I need an explanation and whether it is a dependent event, independent event, inclusive event, or a mutual exclusive event.

2007-12-06 05:53:34 · 6 answers · asked by tyler_d101 1 in Science & Mathematics Mathematics

6 answers

The simple method is to
1) work with a 365 day year
2) find the prob that they all have unique birthdays, then subtract this from 1.

P(unique birthdays) = (365/365)*(364/365)*(363/365) ...*(336/365)
= (365P30) / 365^30
= 0.2937

P(common birthday) = 0.7063

Regarding the last part of your question, dependence and exclusivity do not apply to single events. You can't say event A is independent or exclusive. You have to say A and B are independent or mutually exclusive.
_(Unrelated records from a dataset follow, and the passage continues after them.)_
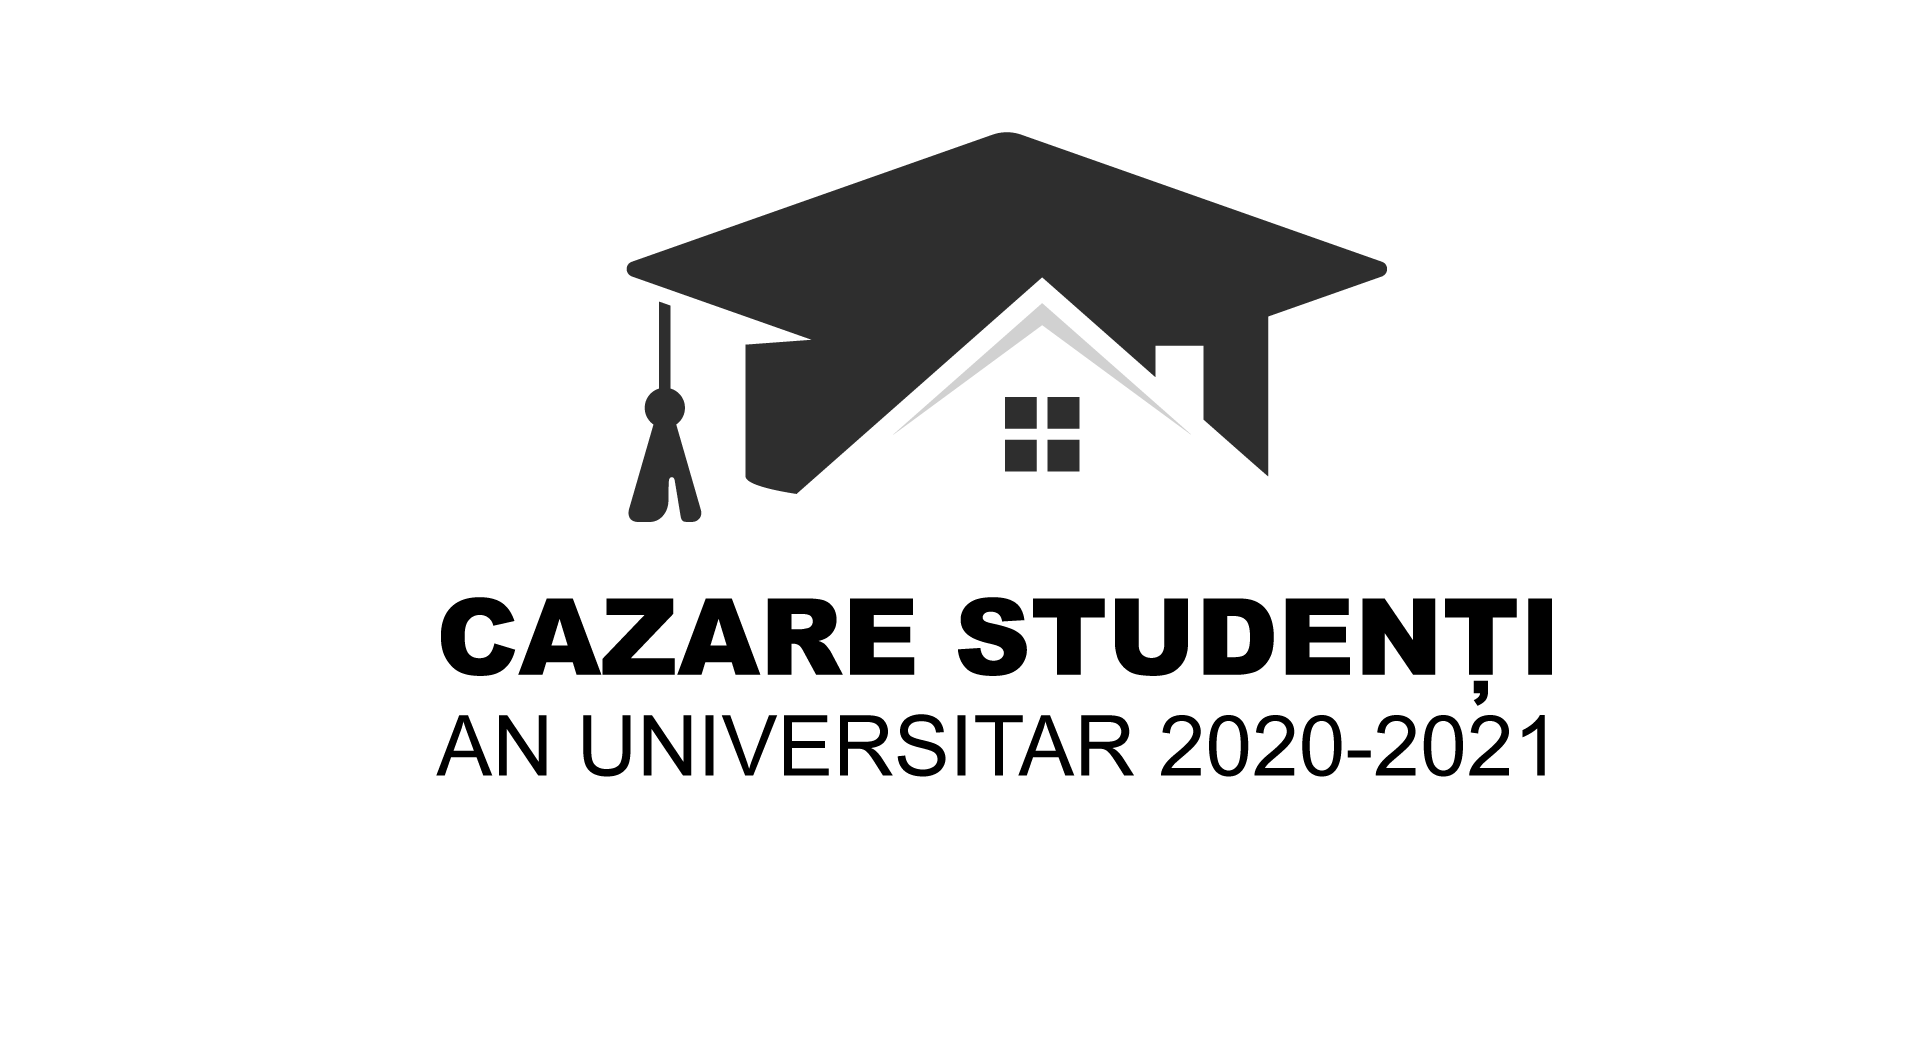 ANUNȚ PRIVIND CAZĂRILE ÎN UNIVERSITATEA POLITEHNICA DIN BUCUREȘTI – AN UNIV. 2020-2021
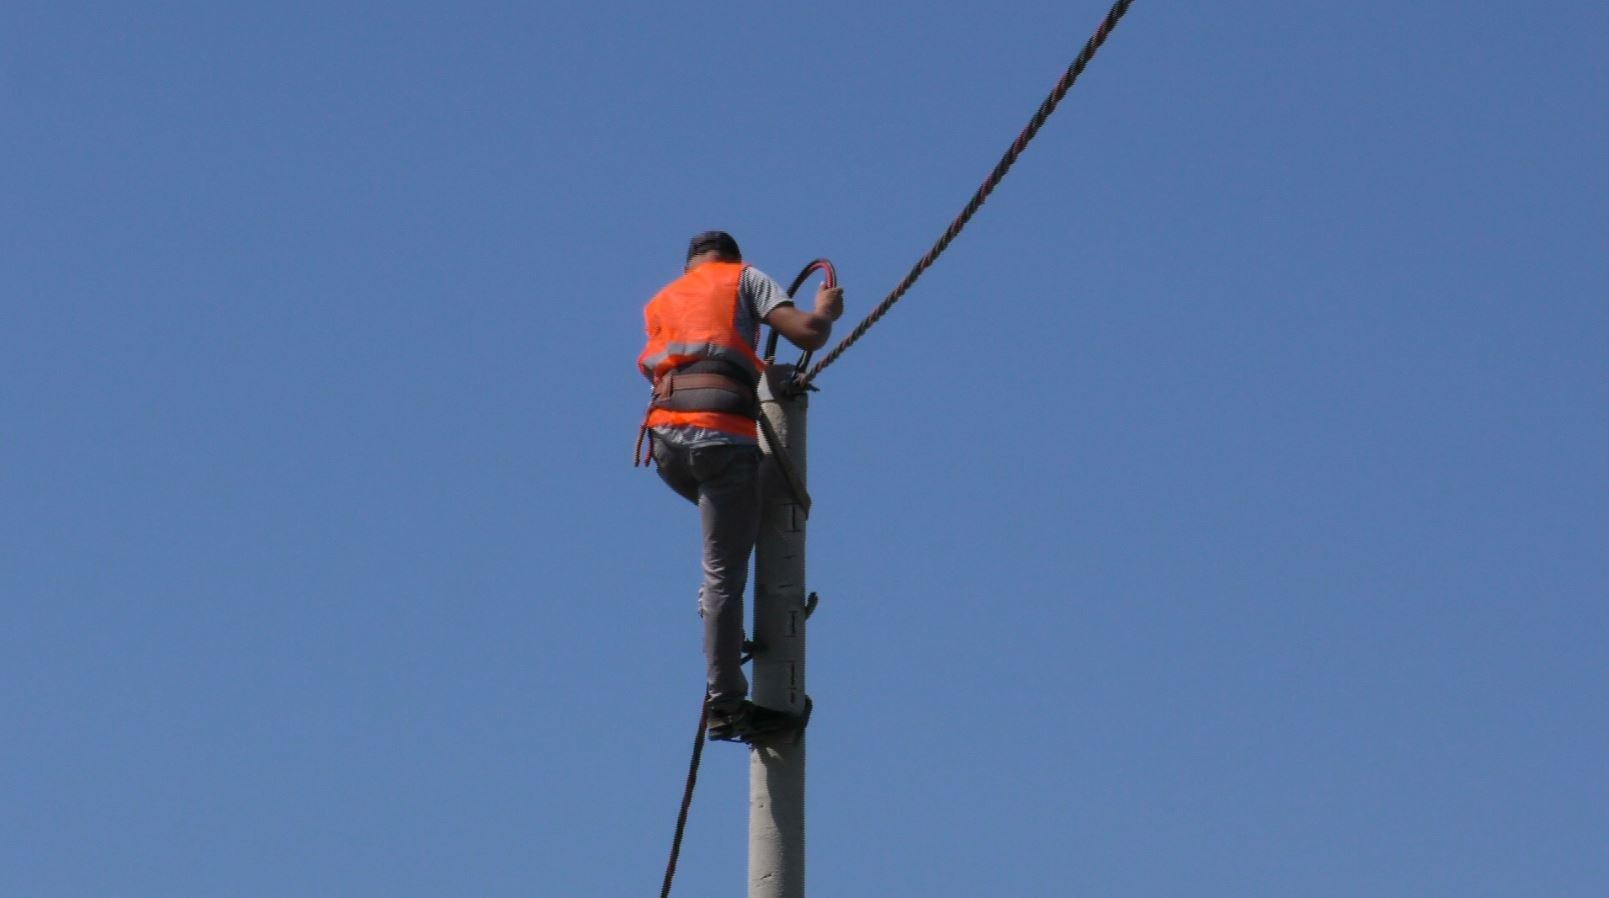 Plazhi i Darzezës në Fier probleme me energjinë, ndërhyn OSHE
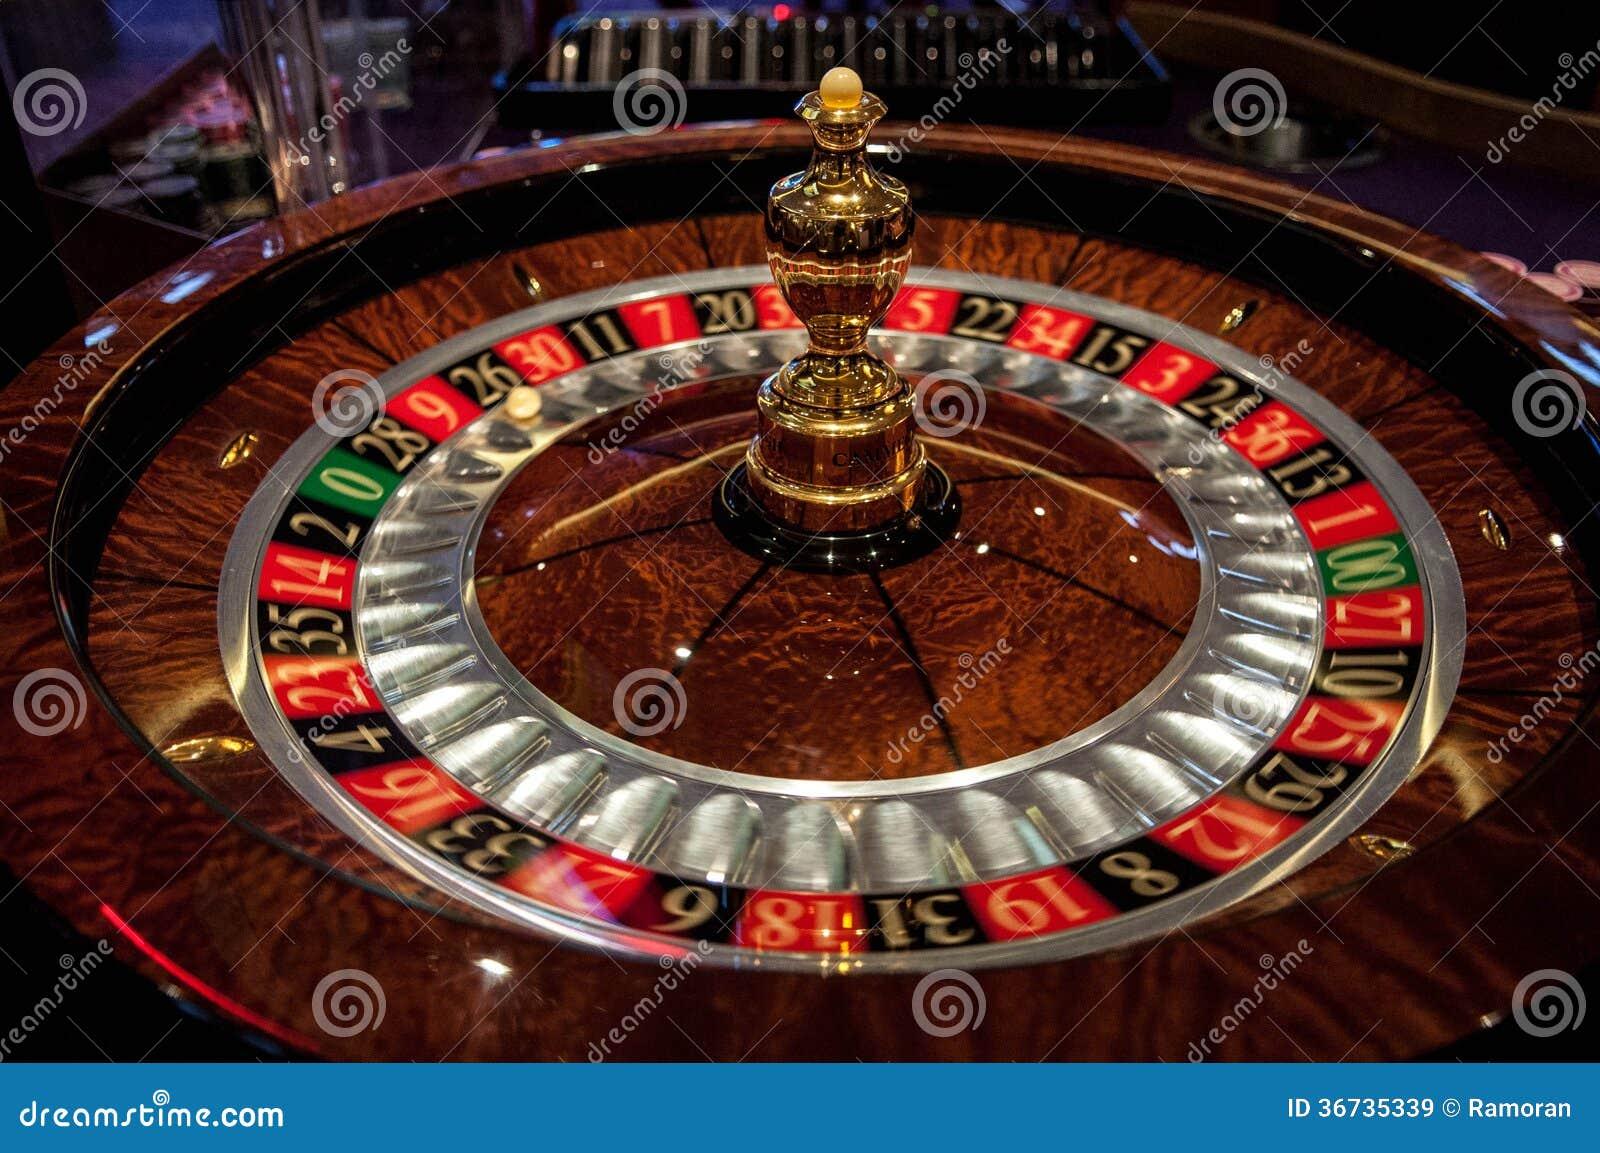 Live Casino -185467
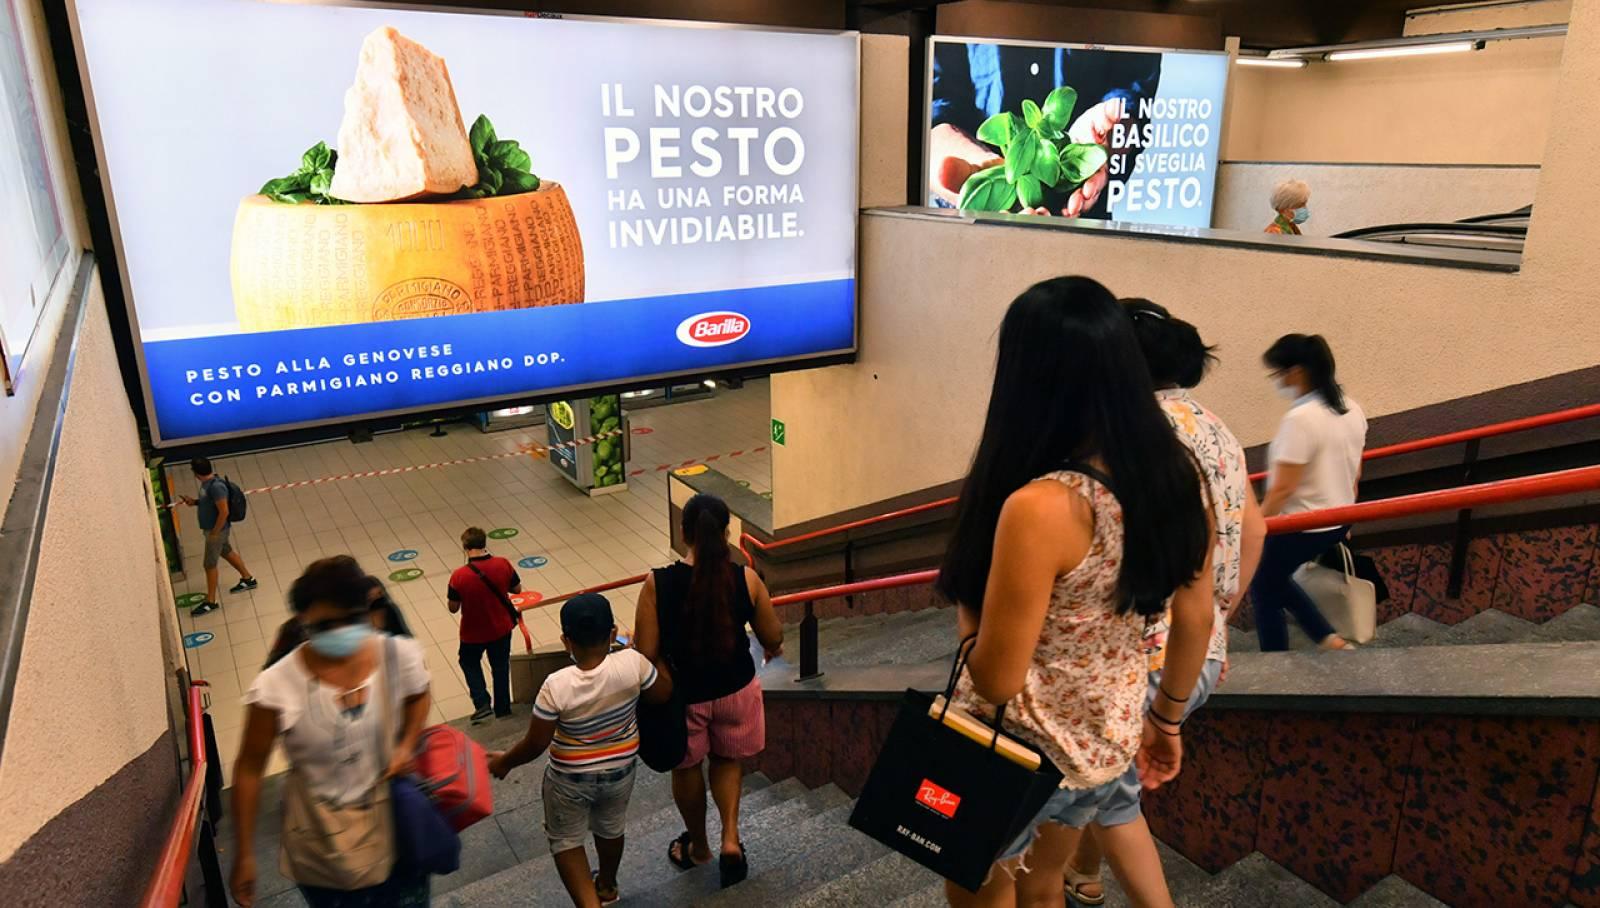 pubblicità OOH a Milano Station Domination IGPDecaux per Barilla
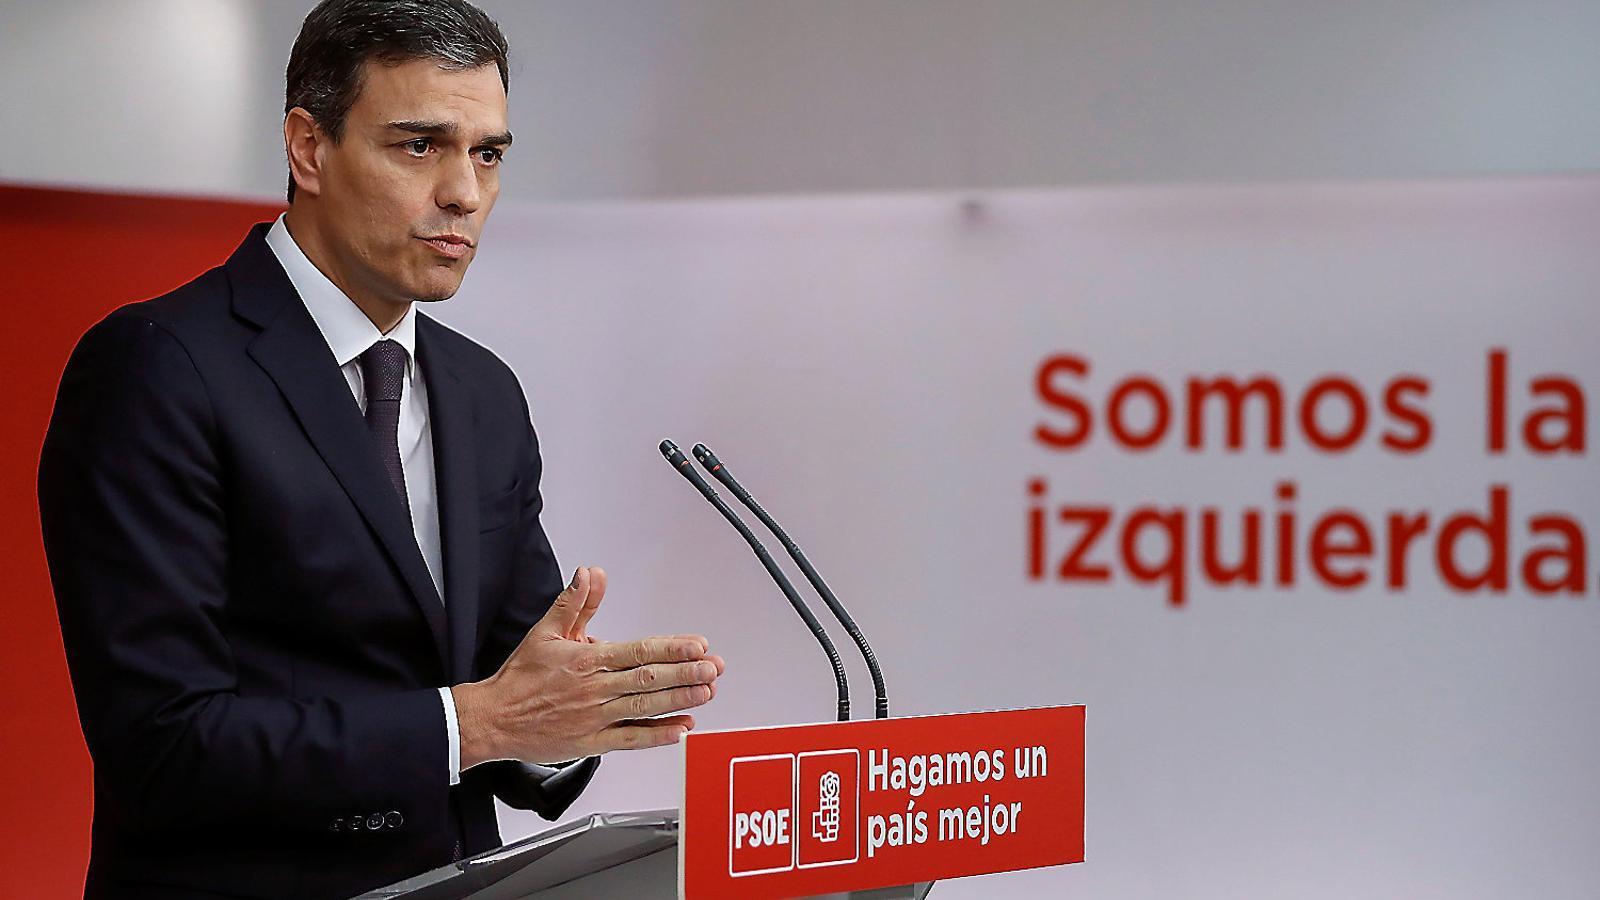 Sánchez proposa adequar el delicte de rebel·lió al cas català
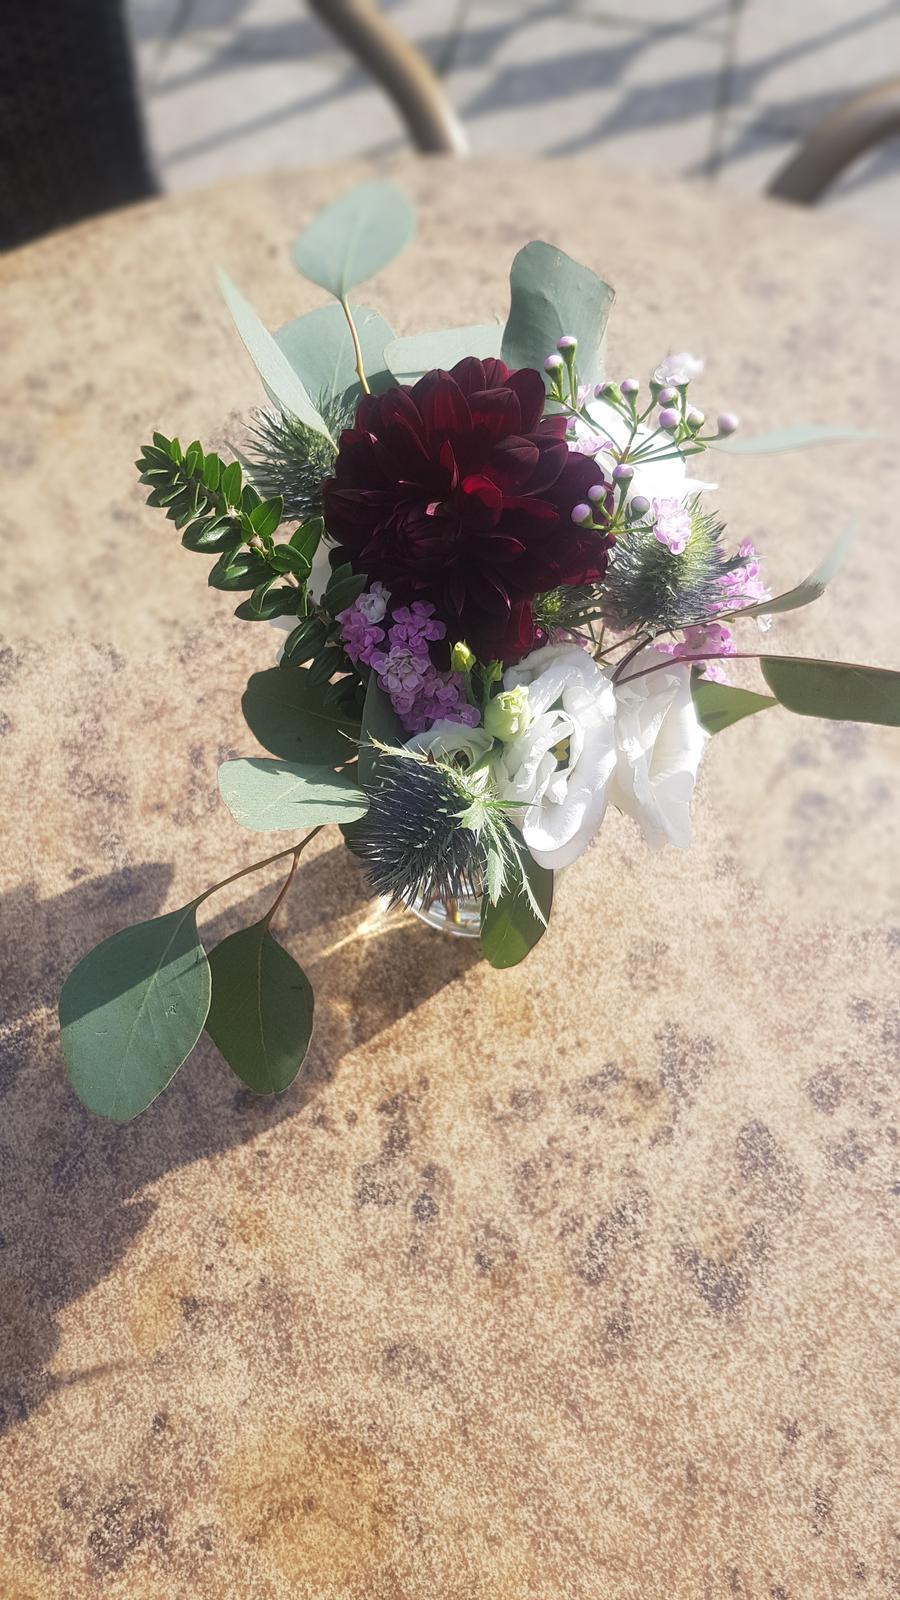 Podzimní svatba ve vínových barvách - Obrázek č. 5

2007-12-06 06:02:38 · answer #1 · answered by Dr D 7 · 1 0

This is a classic probability problem and the answer seems unreasonable but it turns out to be about 70%%. To calculate, it is easier to find the probability that everyone in the class has a different birthday:
(365*364*363*362*......*337*336)/(365^30)=.29368

Subtract from 1 to get the probability of 2 people in the class having the same birthday.

1-.29368=.7063 or 70.63%

Two people having the same birthday would be an independent event, meaning that 1 person's birthday doesn't depend and isn't affected by anyone else's.

2007-12-06 06:08:50 · answer #2 · answered by FluX 2 · 0 0

It's usually easier to figure the probability that nobody has the same birthday and then subtract from 1.

For the sake of simplifying this I will assume 365 days in a year, but technically we would have to account for leap year birthdays.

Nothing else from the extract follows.